**Your goal**. Nothing but the lines from the one that holds "Free Download Star" through the end of the material should be repeated, each exactly as it stands, and pictures stay out.

**Collected data**.
□ □ □ □ □ □ □

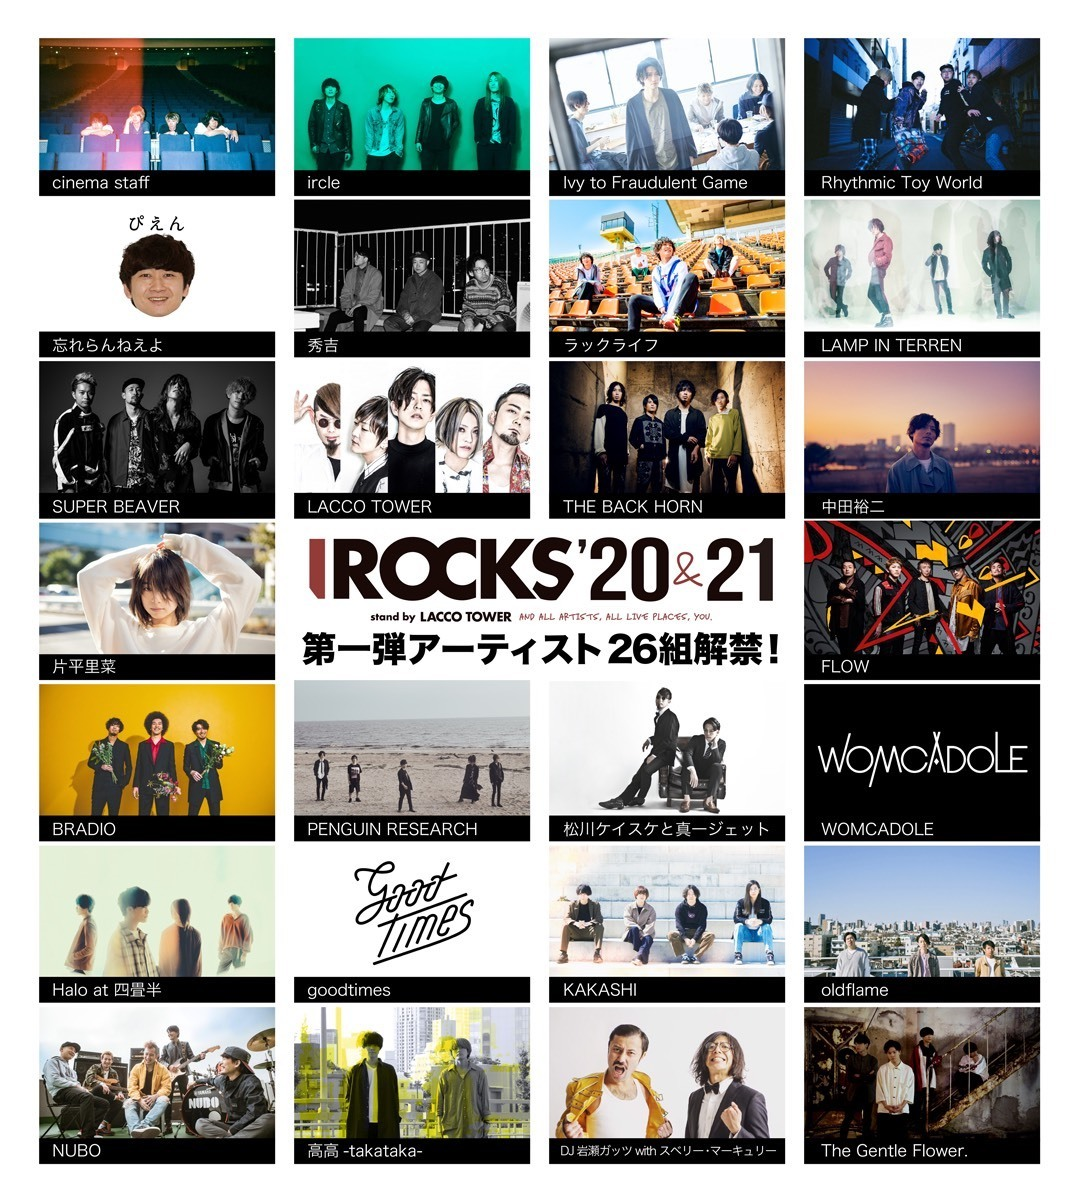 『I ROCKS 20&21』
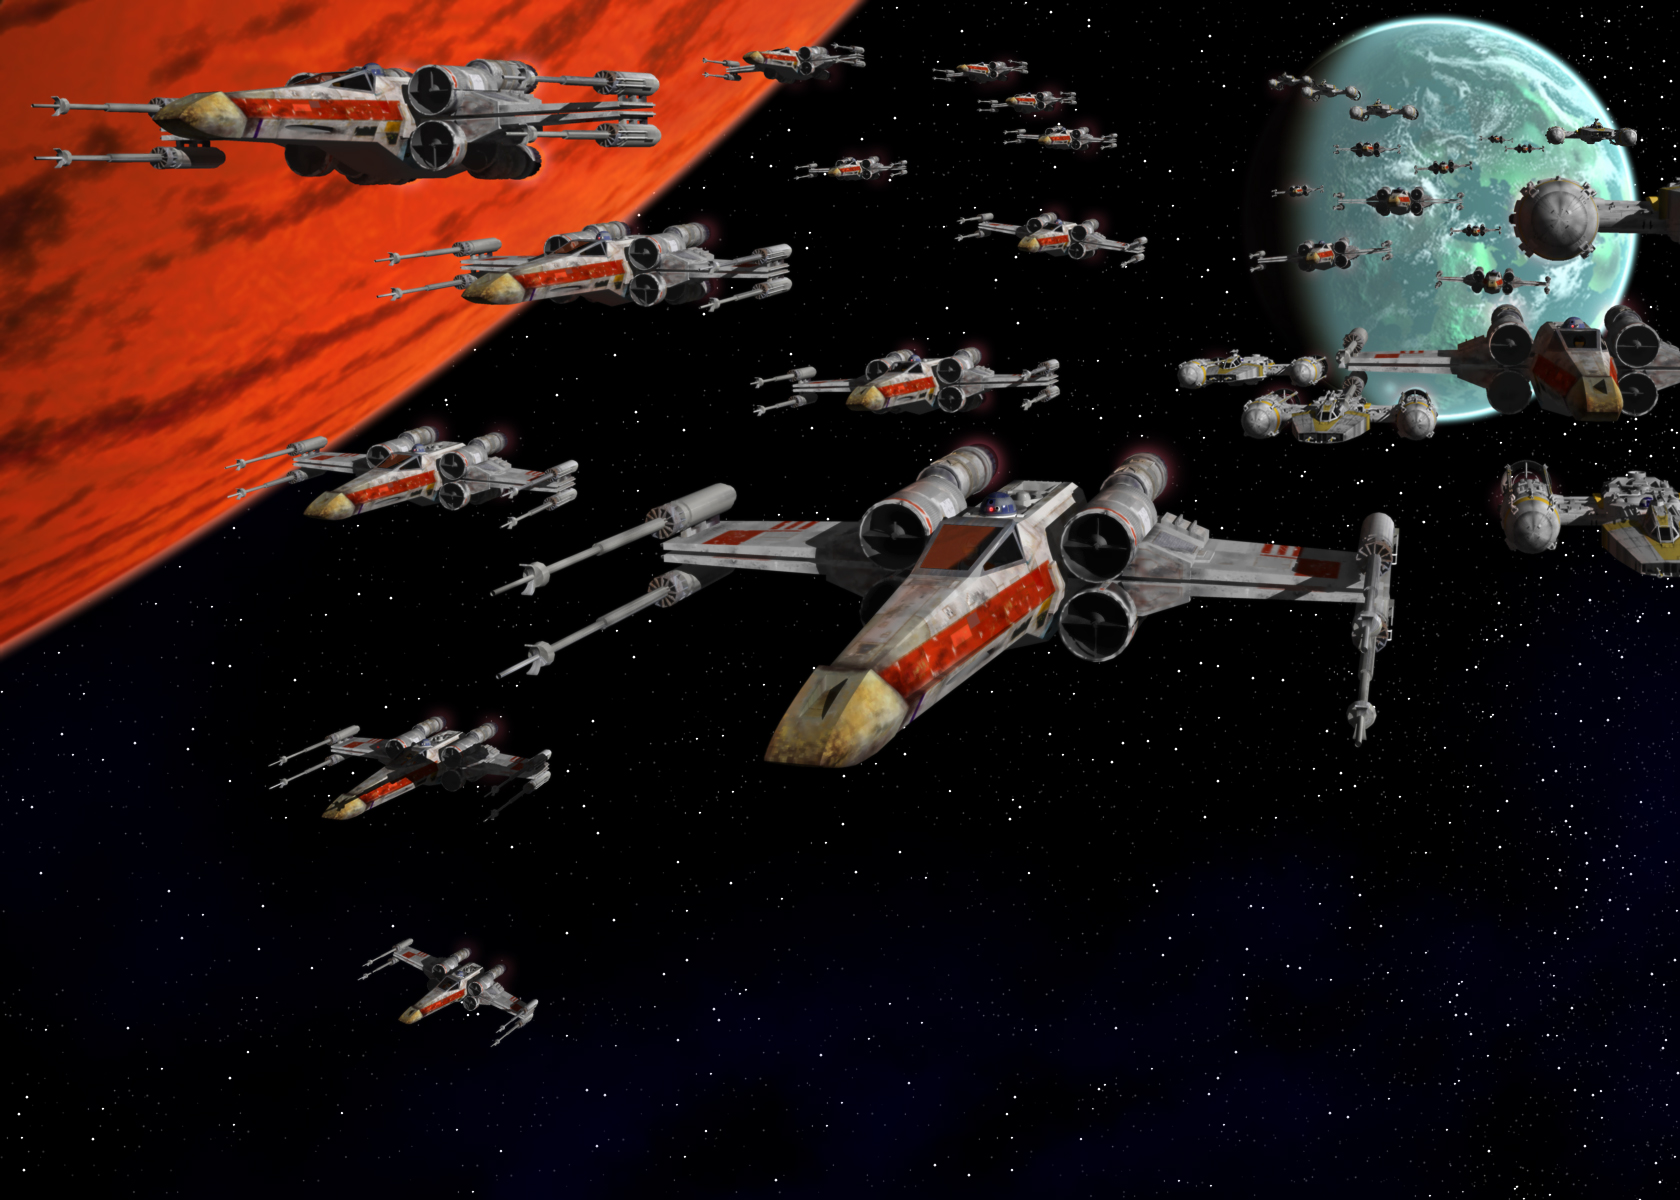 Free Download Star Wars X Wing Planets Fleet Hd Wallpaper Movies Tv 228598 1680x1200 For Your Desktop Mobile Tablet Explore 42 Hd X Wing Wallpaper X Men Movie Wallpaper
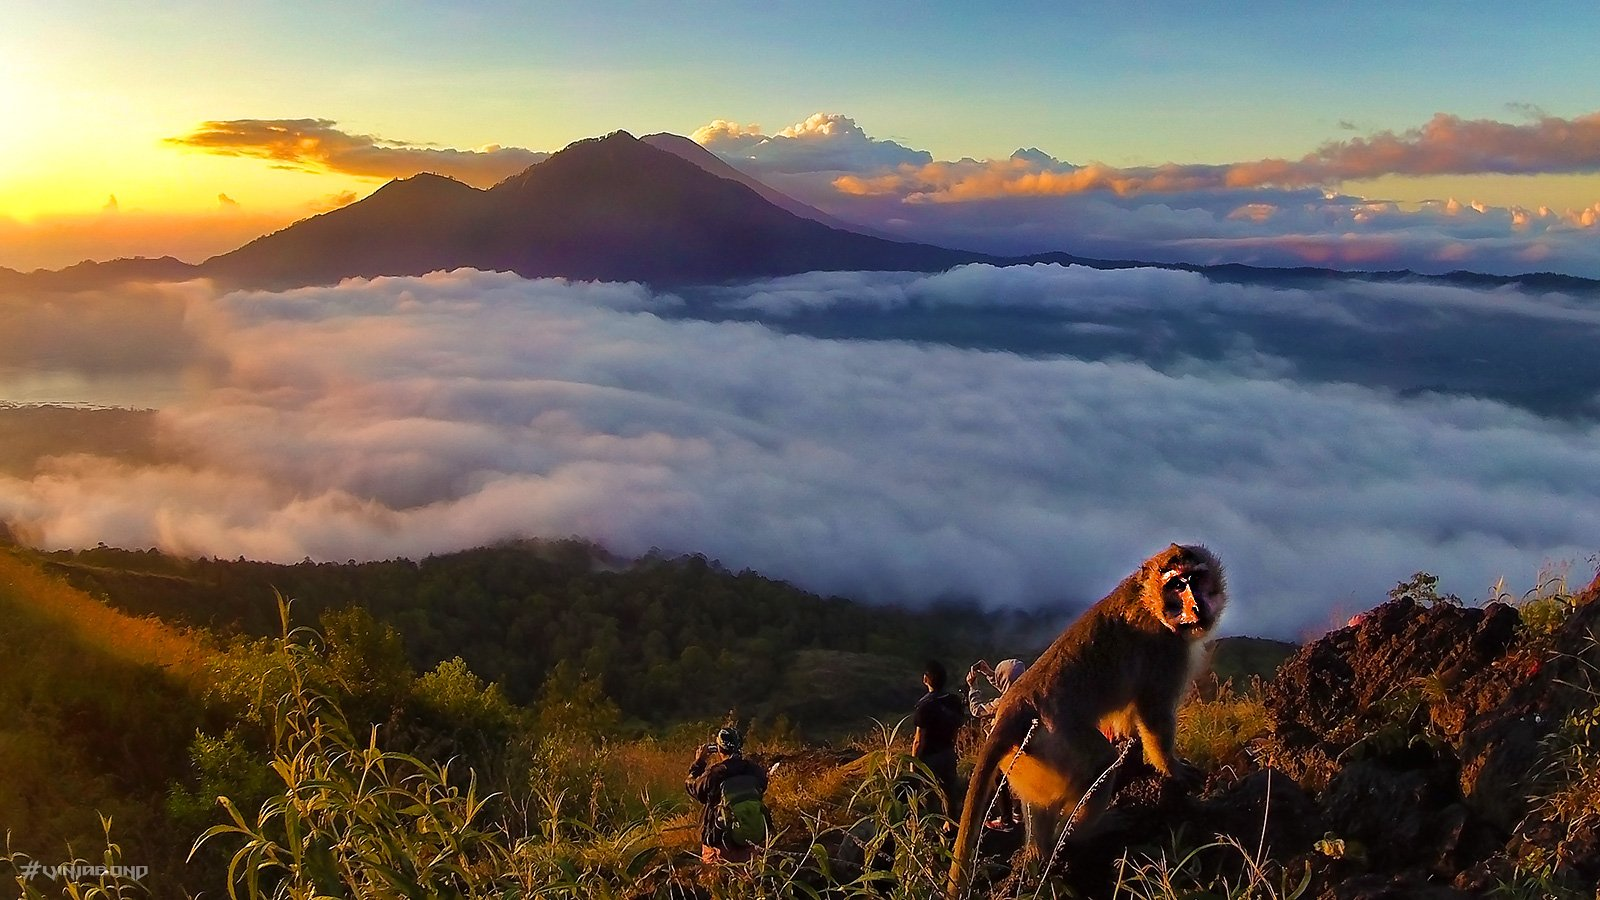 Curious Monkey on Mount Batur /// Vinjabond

□ □ □ □ □ □ □

**Completed task**.
 Free Download Star Wars X Wing Planets Fleet Hd Wallpaper Movies Tv 228598 1680x1200 For Your Desktop Mobile Tablet Explore 42 Hd X Wing Wallpaper X Men Movie Wallpaper
 Curious Monkey on Mount Batur /// Vinjabond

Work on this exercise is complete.